◆ Task to complete ◆
What you return must be the data below, word for word, without any images.

◆ Collected data ◆
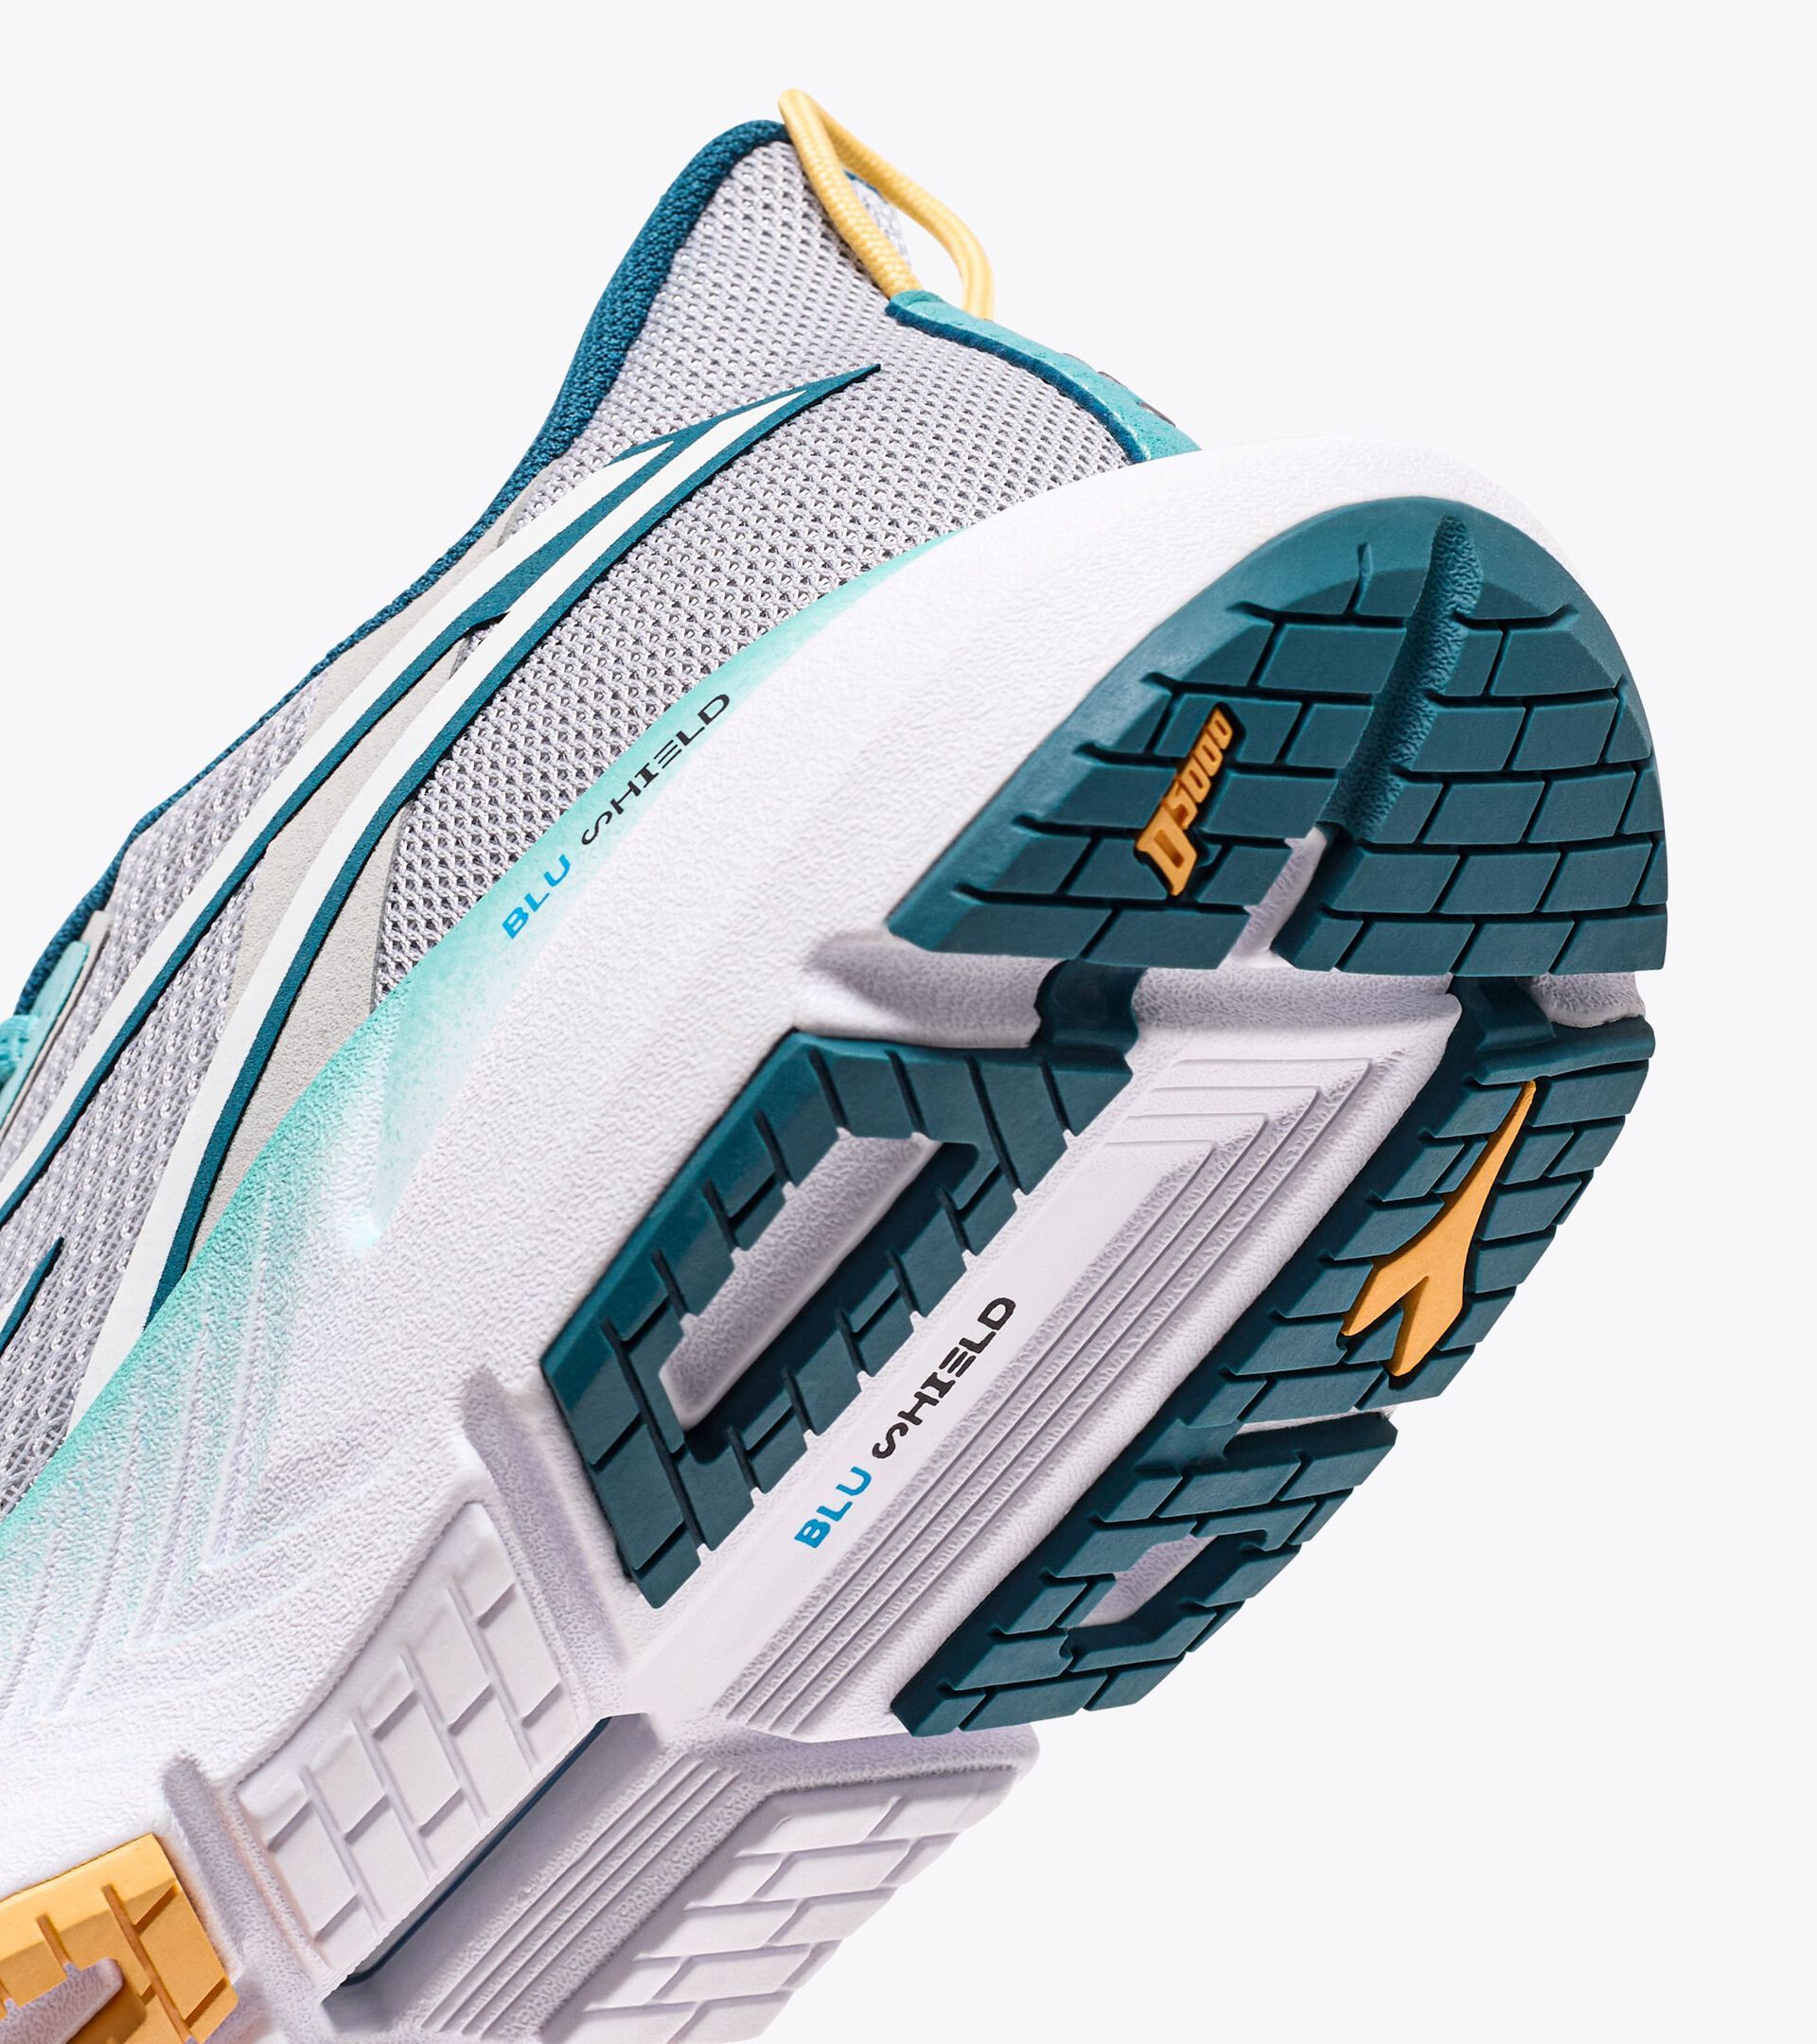 Running shoe - Stability and lightness - Donna MYTHOS BLUSHIELD VOLO 4 W SILVER DD/DUSTY TURQUOISE - Diadora
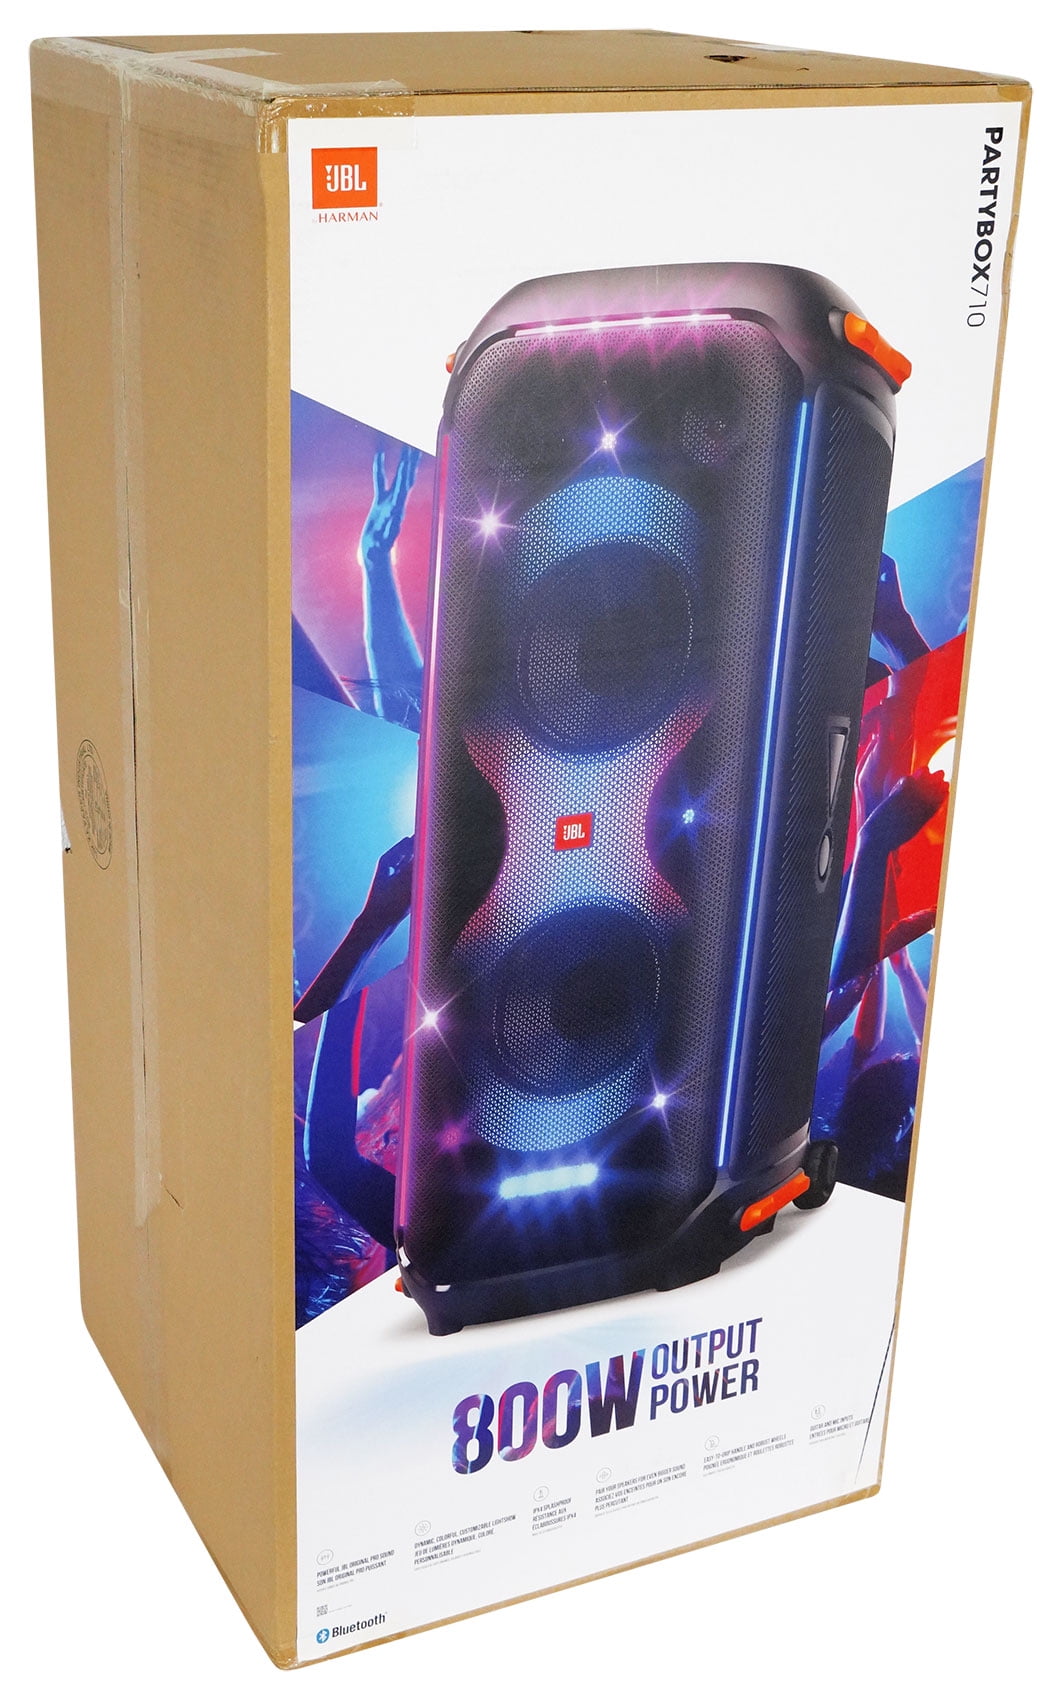 Buy JBL Partybox 710 Portable Bluetooth Party Speaker Online in India at  Lowest Price
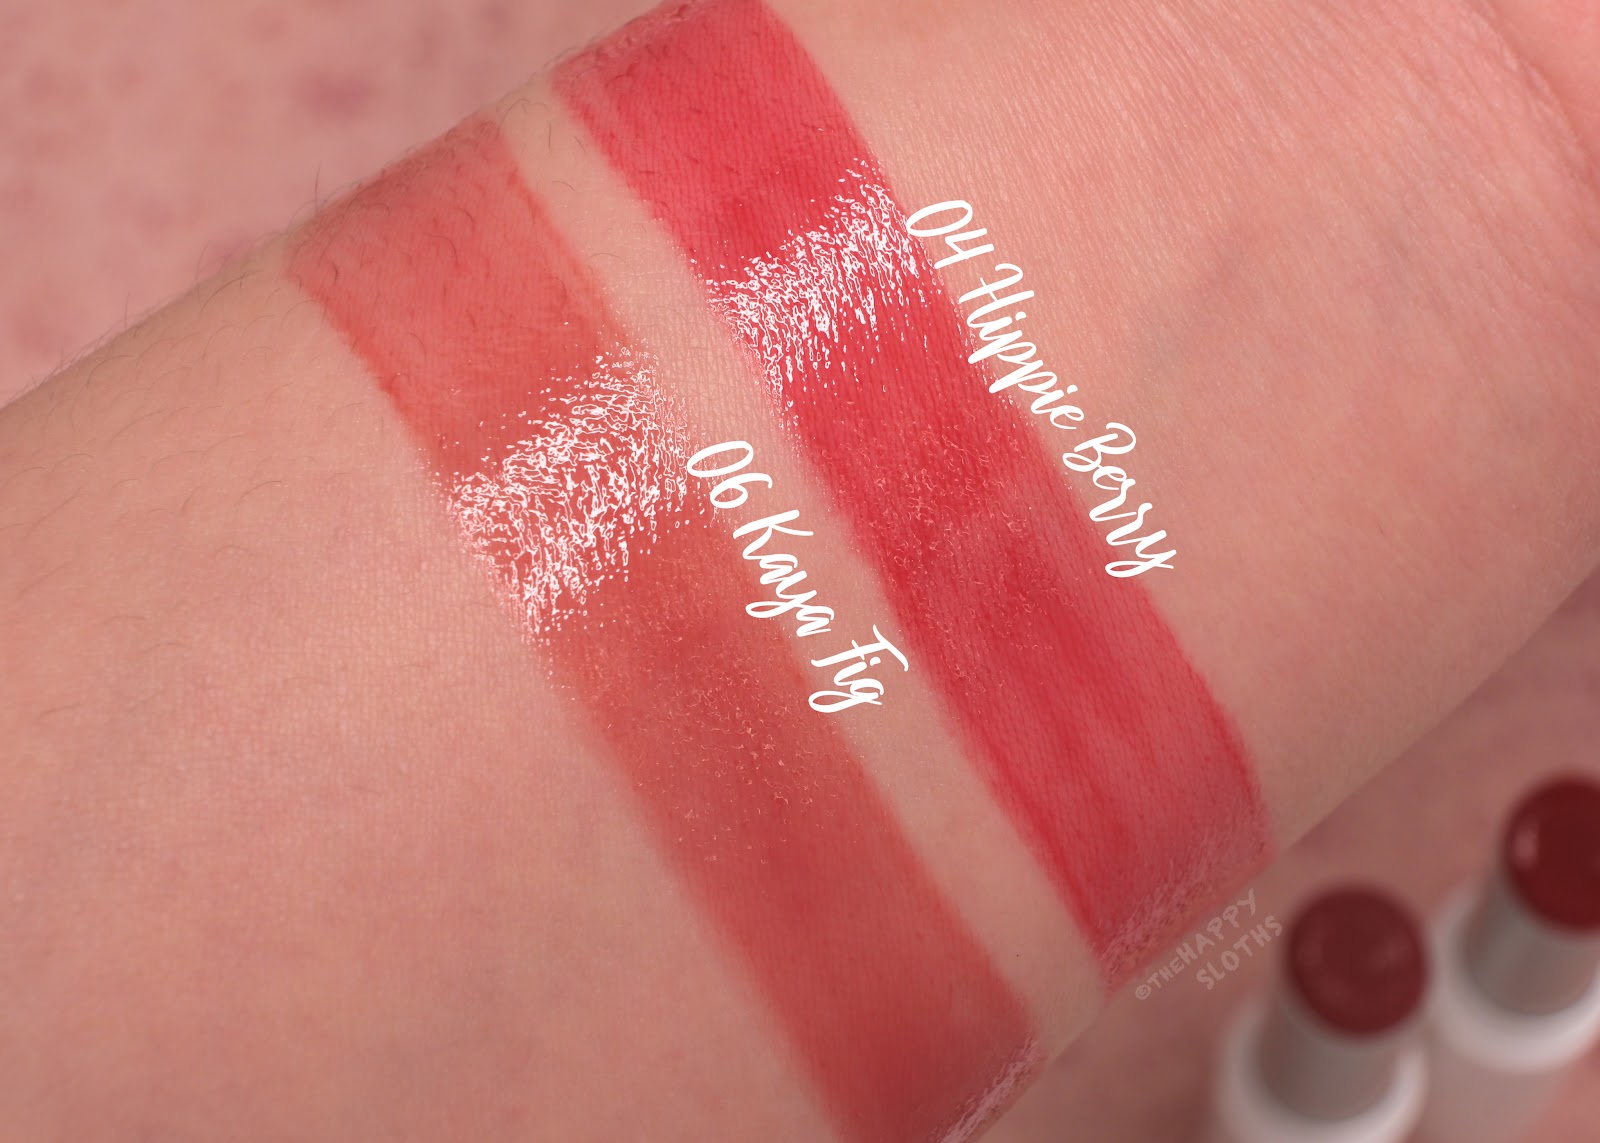 Romand | Glasting Melting Balm in "04 Hippie Berry" & "06 Kaya Fig": Review and Swatches

◆ Written answer ◆
 Running shoe - Stability and lightness - Donna MYTHOS BLUSHIELD VOLO 4 W SILVER DD/DUSTY TURQUOISE - Diadora
 Buy JBL Partybox 710 Portable Bluetooth Party Speaker Online in India at  Lowest Price
 Romand | Glasting Melting Balm in "04 Hippie Berry" & "06 Kaya Fig": Review and Swatches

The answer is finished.